PROBLEM DESCRIPTION:
Reproduce exactly, leaving out pictures, each line from the one holding "Beltbag Website on Web Design Served" through the final line of the listing, and add nothing.

COLLECTED MATERIAL:
• • • •

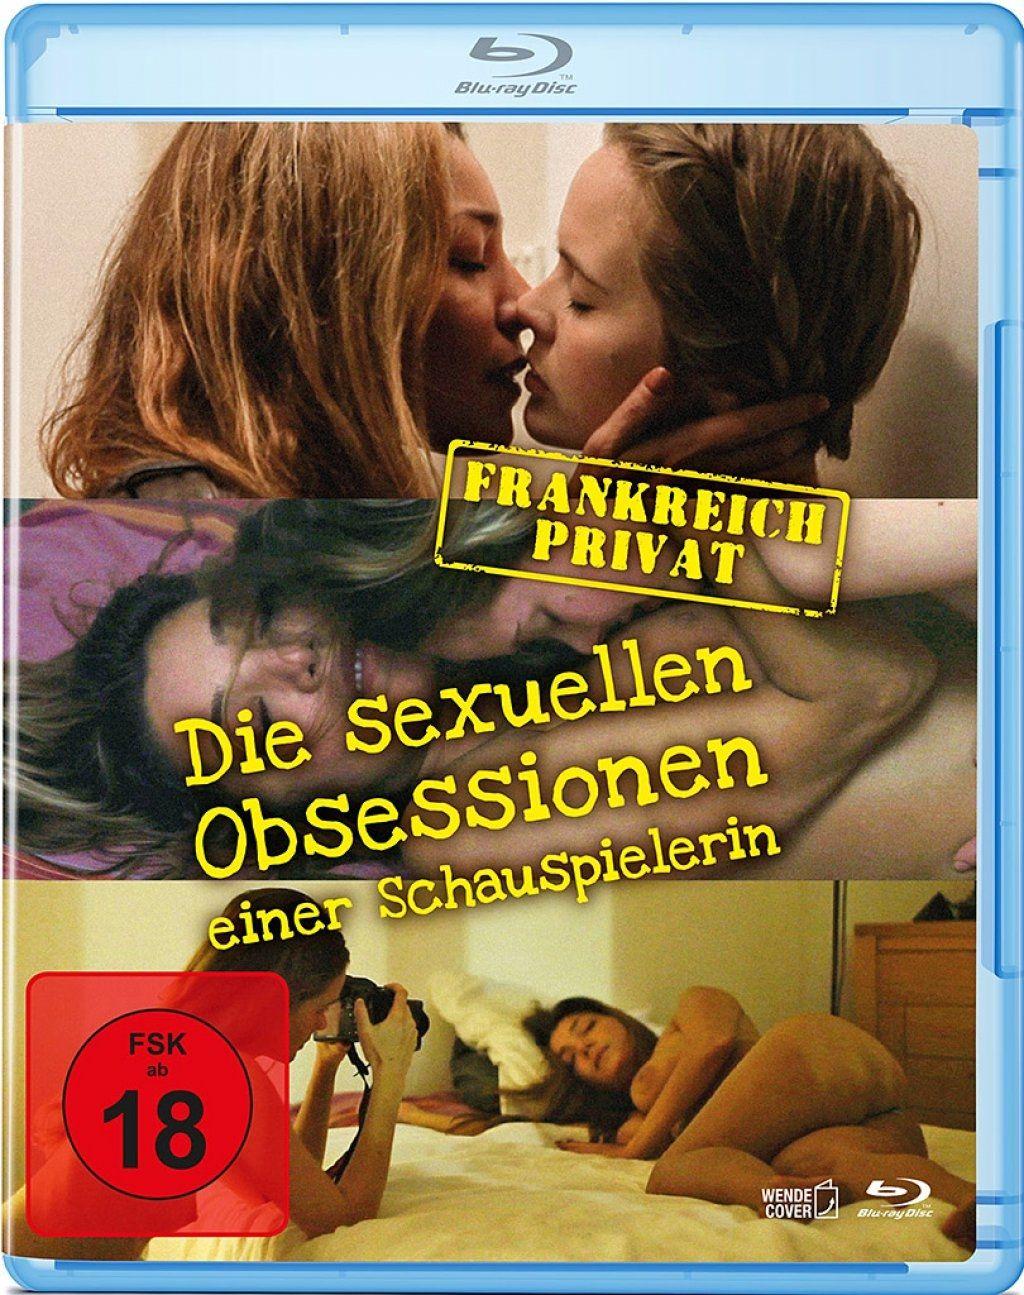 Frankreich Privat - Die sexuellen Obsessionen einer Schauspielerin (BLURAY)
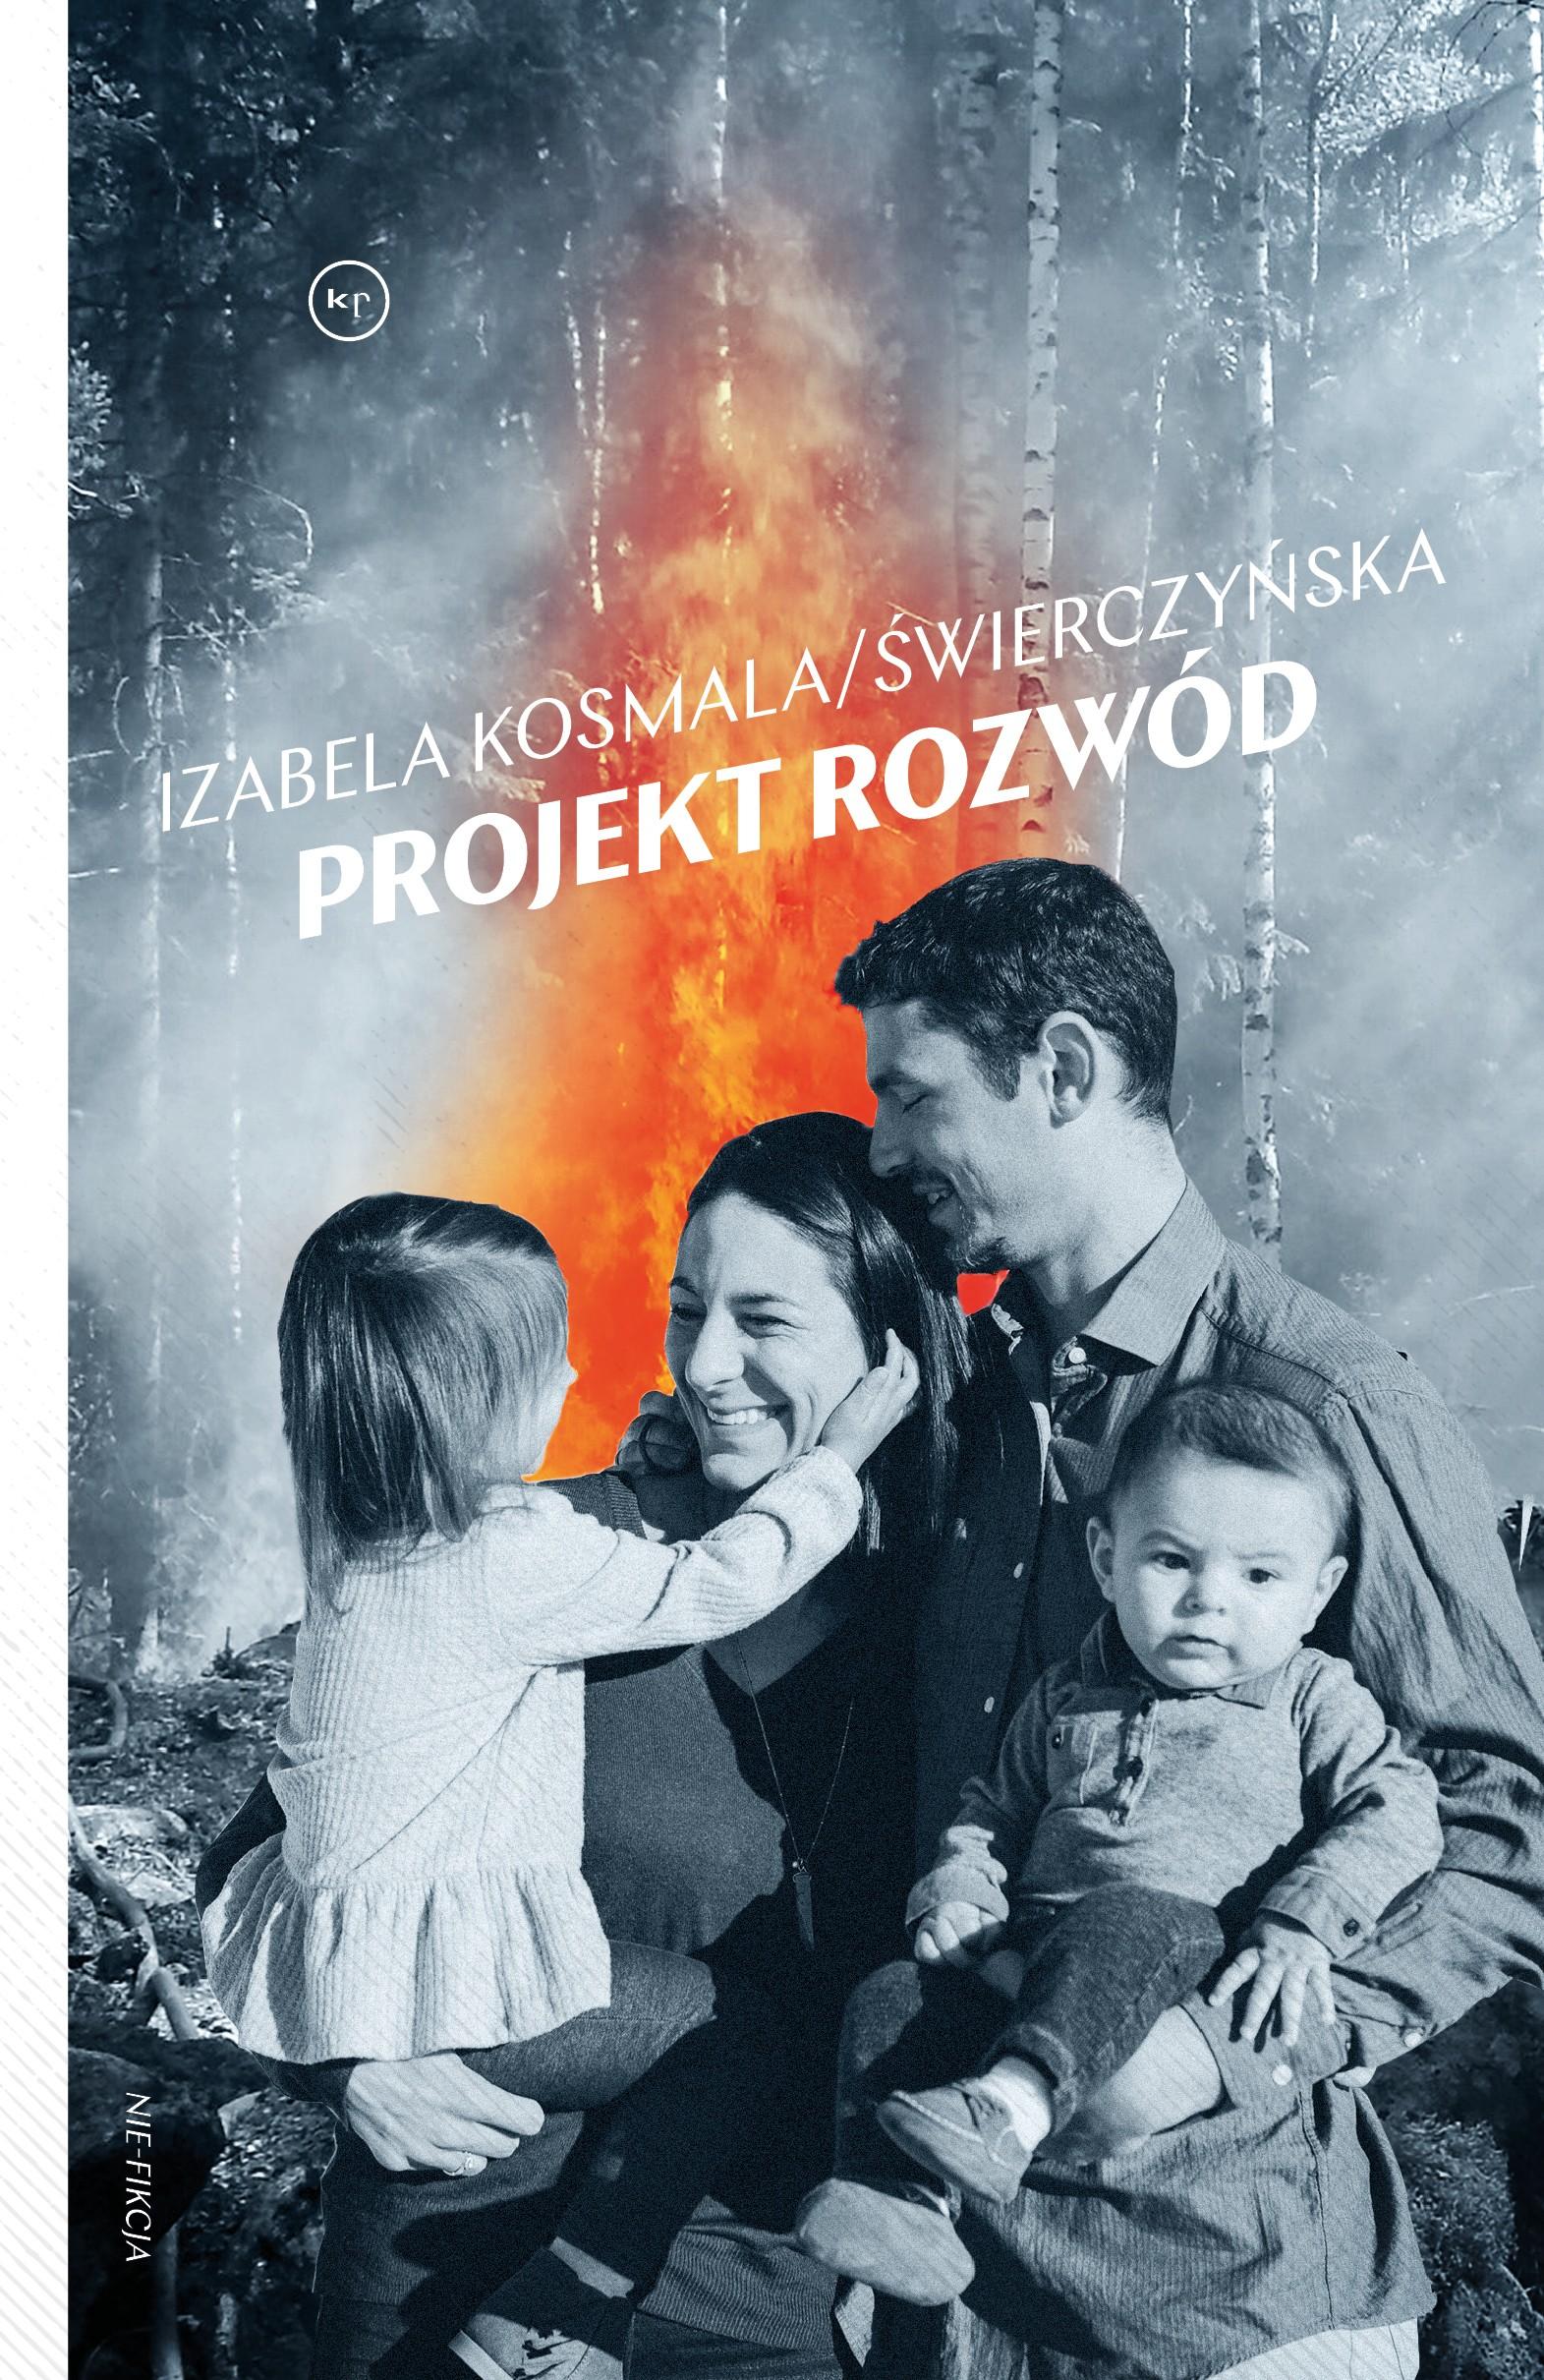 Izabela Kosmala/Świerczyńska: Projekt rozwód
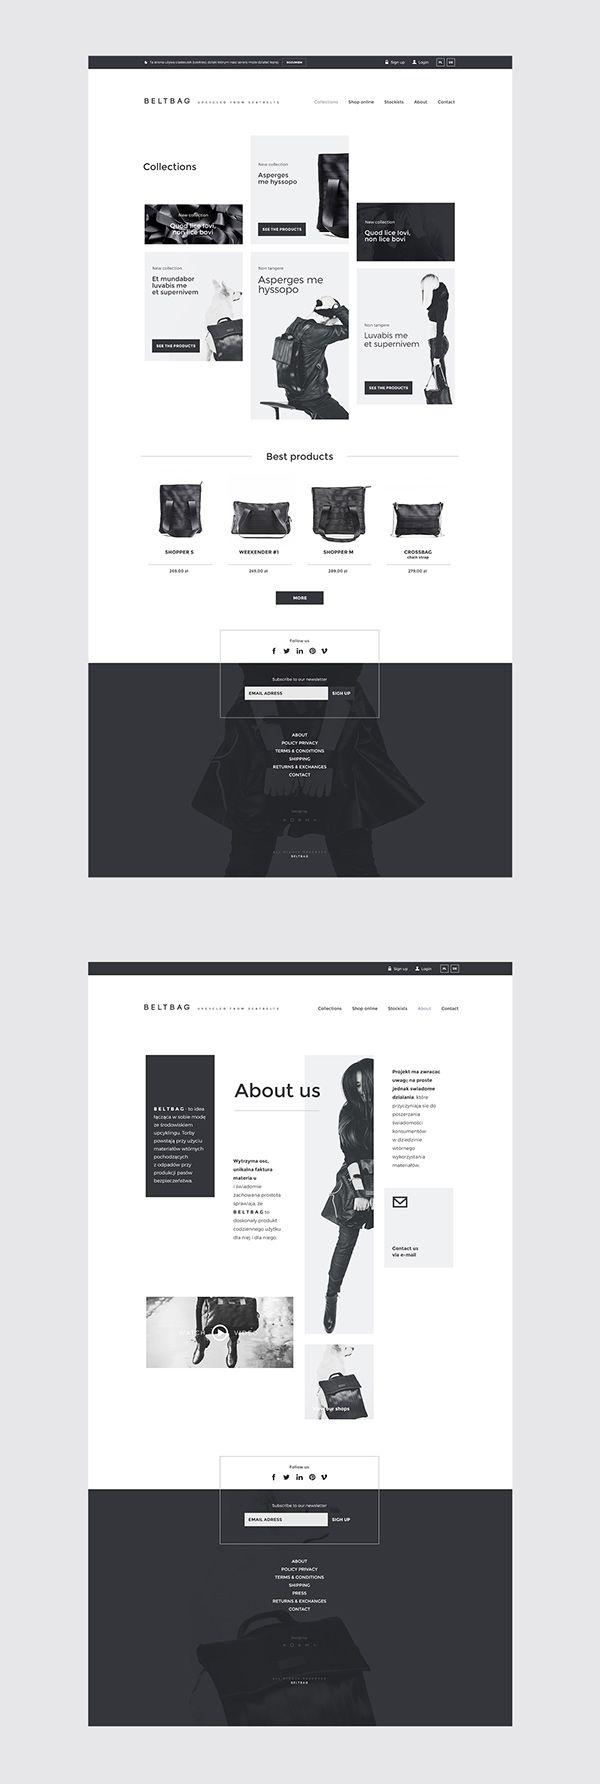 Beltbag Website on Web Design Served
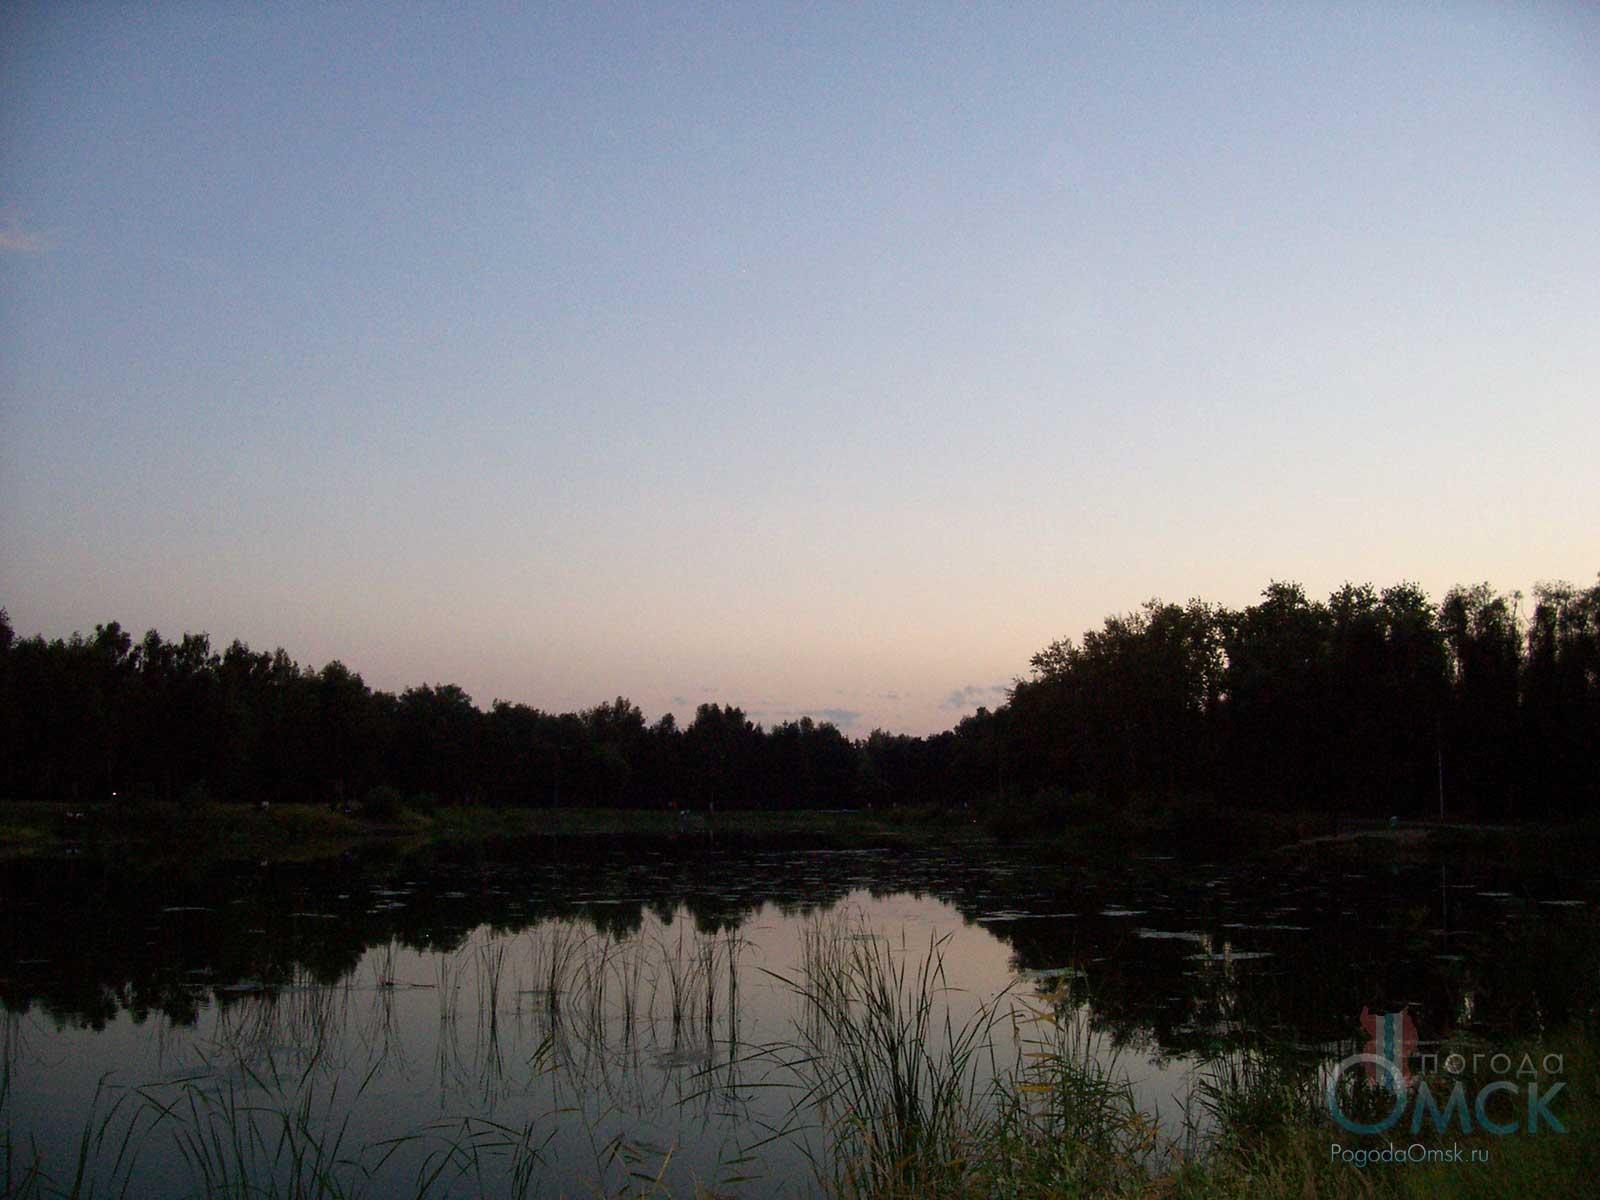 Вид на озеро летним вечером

• • • •

EXPECTED ANSWER:
 Beltbag Website on Web Design Served
 Вид на озеро летним вечером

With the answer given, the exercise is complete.